Wednesday, November 21, 2007

die hard Wednesday


this is how i spent my Wednesday, wake up at five-thirty, start basketball training at 7:20, assembly at 8:00, two P.5 English lessons and two P.1 English till 11:00, then basketball trainning at recess, a P.5 G.S. lesson followed by lunch with my P.5 class, then two P.2 computer lessons and a P.5 guided studies lesson till 3:00. Next, basketball team trainning again till 5:00 and that's not it, still got meetings and when i FINALLY went back to my desk, it's 6:30. feels very suicidal.

Tuesday, November 20, 2007

need some air



recently i have the feeling that everything is just tended to happen against my will, it almost made me suffocate. i am trying very hard to make things bettter, it has taken all of my energy and patience, but i just coudn't believe how useless i am, everthings just seems to be the same, and i feel like no one know all the hard work, all the heart that i have put in... when will this shadow be gone? i really can't figure out what to do next, i believe what i ask for is not selfish, i just want to help, to ease the pain, but why am i feeling like i am taking all the shit from things i haven't done? what scares me the most is that, similar things have happened, history is not going to repeat, is it? just shed me some light, i need some air...

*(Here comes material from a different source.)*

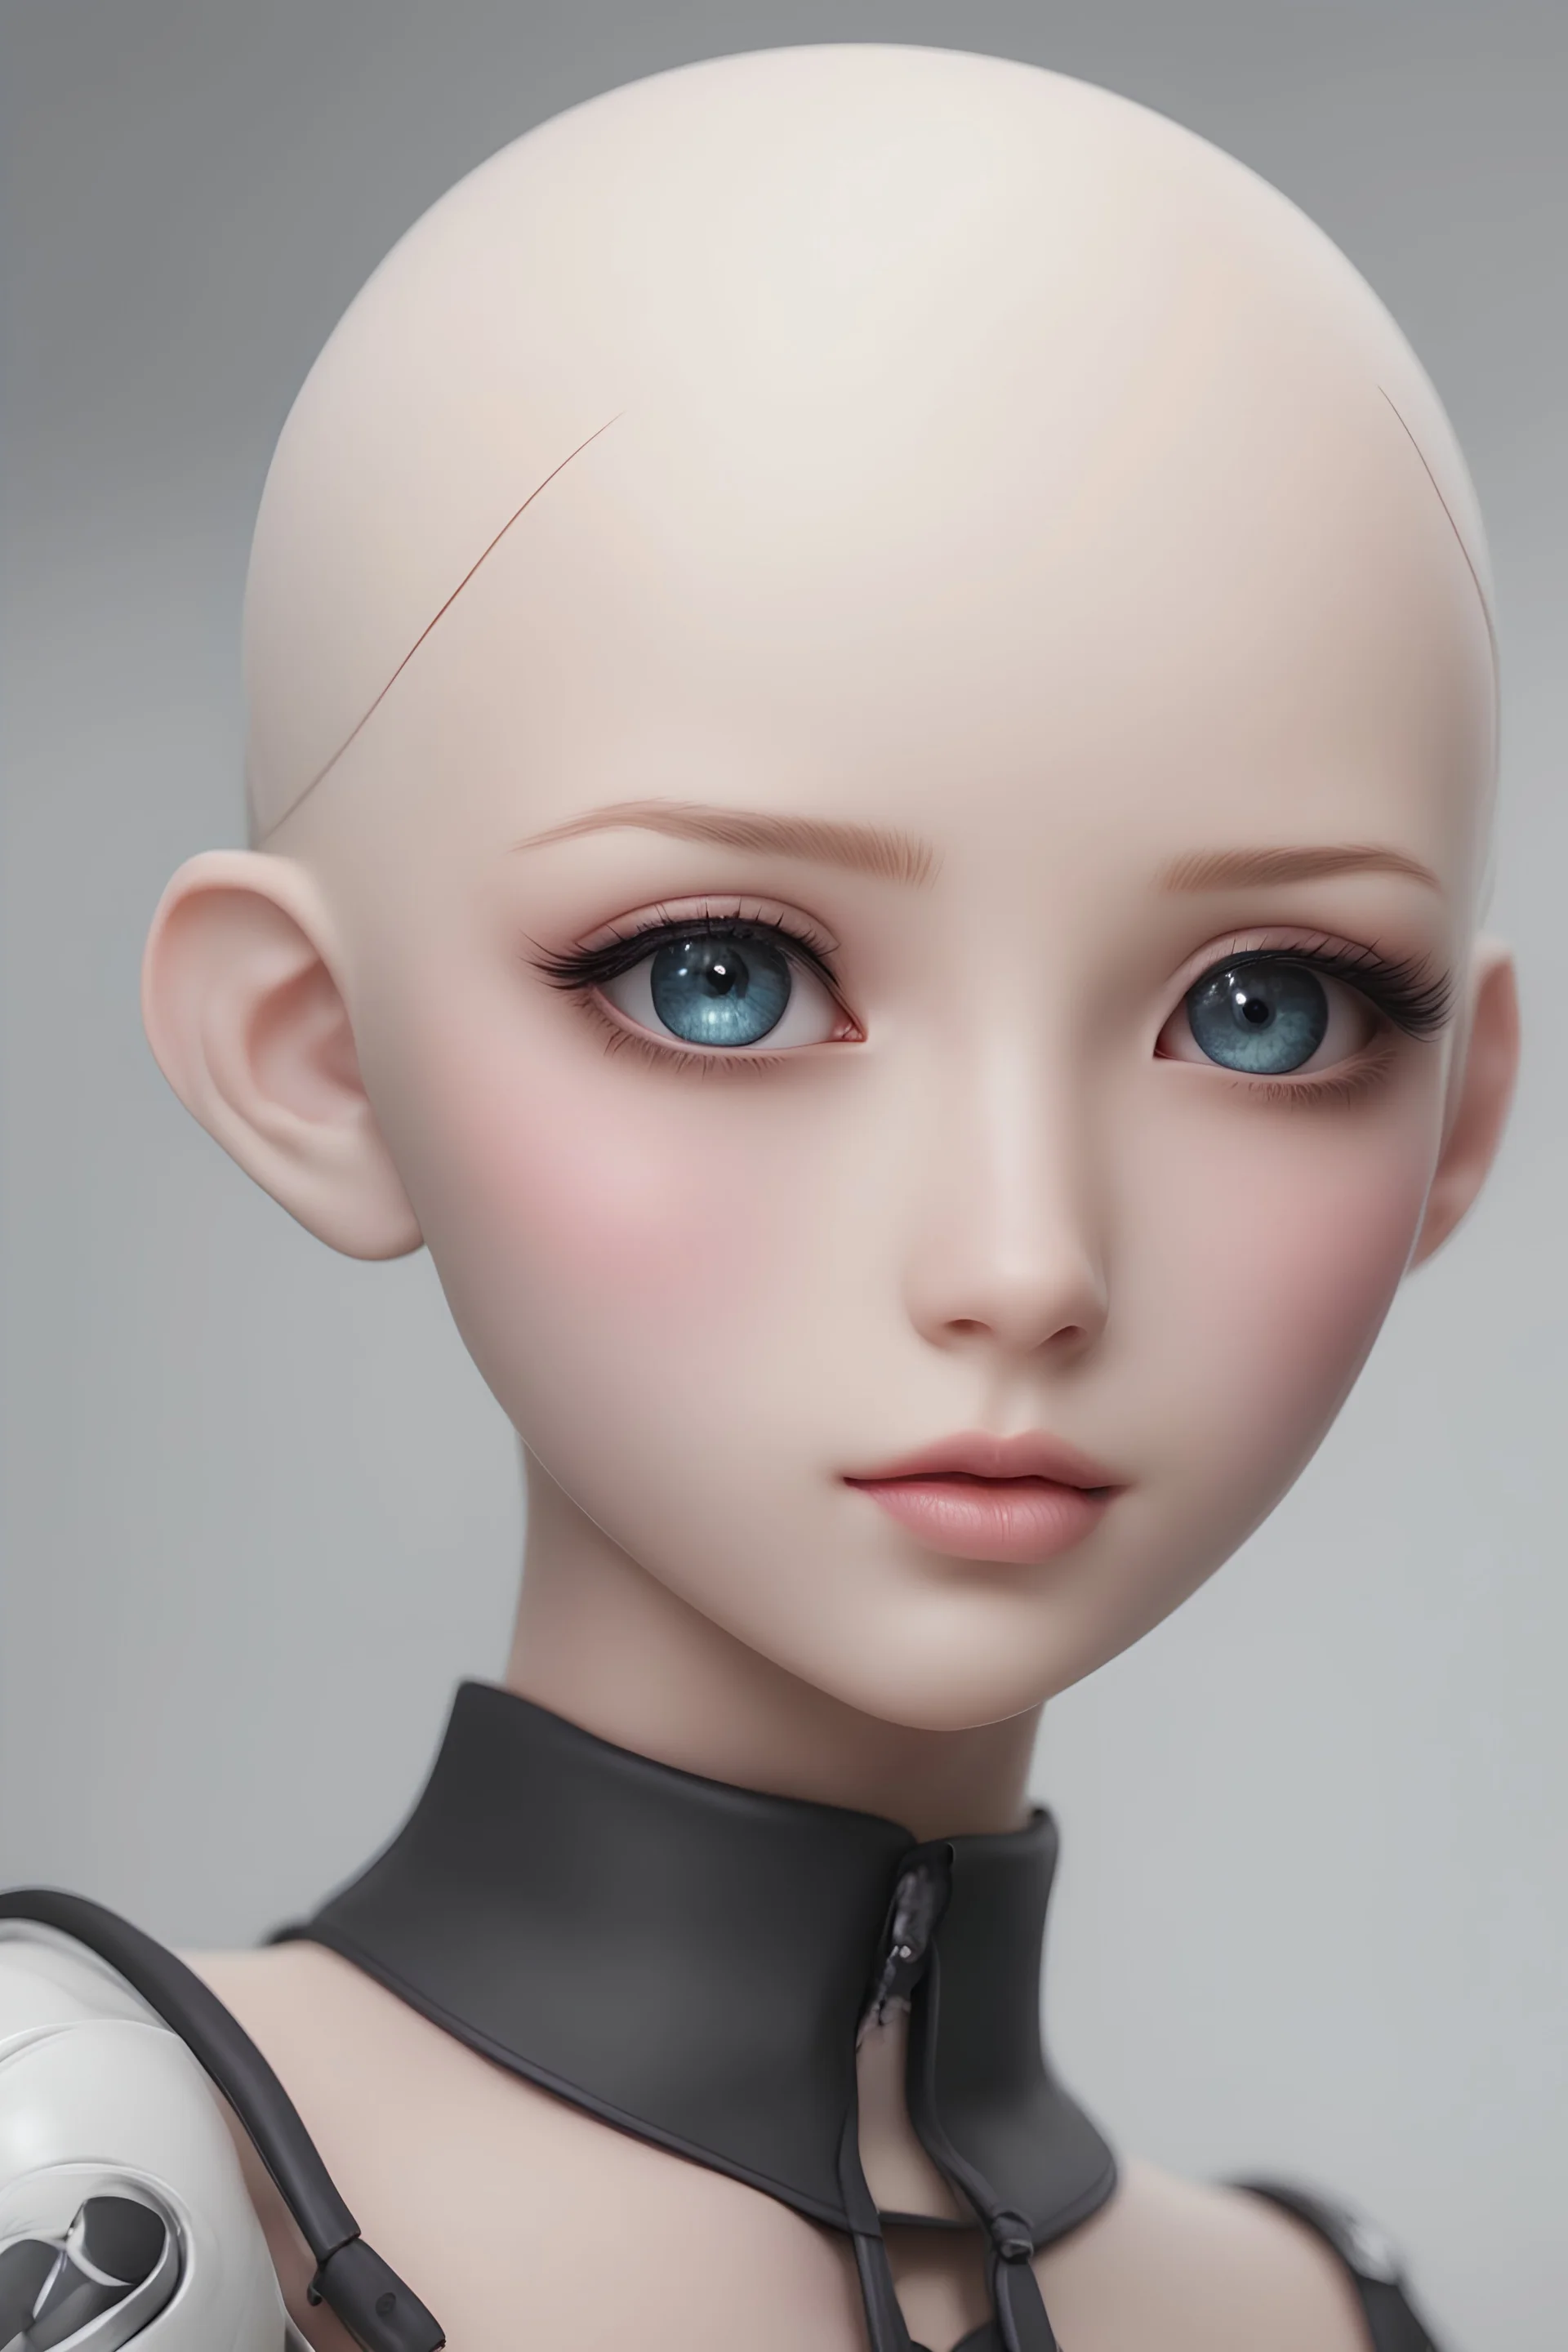 realistic portrait of an anime waifu doll, no hair, light eye color, and youthful looking silicone skin, small cranium

p.s. even when i am at work, i'm already fed up with the things around, so i rather find a secret spot to hide...

Sunday, November 18, 2007

the weakness in me


energy level is real low, has almost use up all i've got left, need love, need a hug, need security to cure the weakness in me. work, stress, illness, boredom, deserted, frustration, hate myself like this...

Friday, November 16, 2007

that's all i want



the simplest thing is sometimes the hardest thing to get, and that's all i want, quiet time, quality time, just the two of us

Thursday, November 15, 2007

breaking the habit


it's an old saying but it can't be any truer, 'life ain't easy'. things aren't always go as we like, and work sucks most of the time and boss are mostly shithead but LIFE GOES ON, we just have to learn to roll with it. i know i can't figure it all out yet, but i do starting to learn to look for the good things in every shity little thing, enjoy life and enjoy the things that are dear to you. at least you got something, always remember that. breaking the habit, live a new life.

p.s. for those of you who can't understand what the hack i am writing, it's ok, just don't give a shit. this is a public private message. peace.

Tuesday, November 06, 2007

have you ever visit this Ocean Park and Disneyland?

In this Ocean Park, pandas are actually riding on jelly fish.

And Mickey Mouse looking like a cat in this Disneyland

What are we feeding our kids?

Monday, November 05, 2007

Mudman



recently, i have caught a diesease. It's called the 'broke every watch you love' disease. Yep, I have continuously broke all the watches i love and i am so depressed to get them fixed, worrying that the watch-fixing guy tell me my watch is dead and can't be fixed. So, I went on a two weeks journey without wearing a watch, without knowing the time... Until, ZOE bought me this Mudman! The very tough Mudman that i believe can survive my disease. Hang in there, and thanks, Zoe.

Sunday, November 04, 2007

lost memories


just bought the new album from backstreet boys/backstreet man, it reminds me lots of memories, memories from the past, and letting me realize how far i have come all these years. Seize the day.

Friday, November 02, 2007

great fashion sense



ladies and gentleman, he may be the next Tom Ford.great fashion sense, and did a nice job of mix and match. First of all, long sleeve sweat shirt inside with short sleeve uniform outside, nice layering! Then mix with winter sports trousers, great creativity! Finally, match with a pair of old school black sneakers. A master piece!

Thursday, November 01, 2007

tired body, restless mind



still bordered by these thousands voices inside, although work have been exhausting recently, still can't take my mind of it. but tonight went to this concert with my love one, surprisingly makes me feel much better, not bad to start a new month on the first of november, two thousand and seven, i believe things are gonna get better!! don't let me down.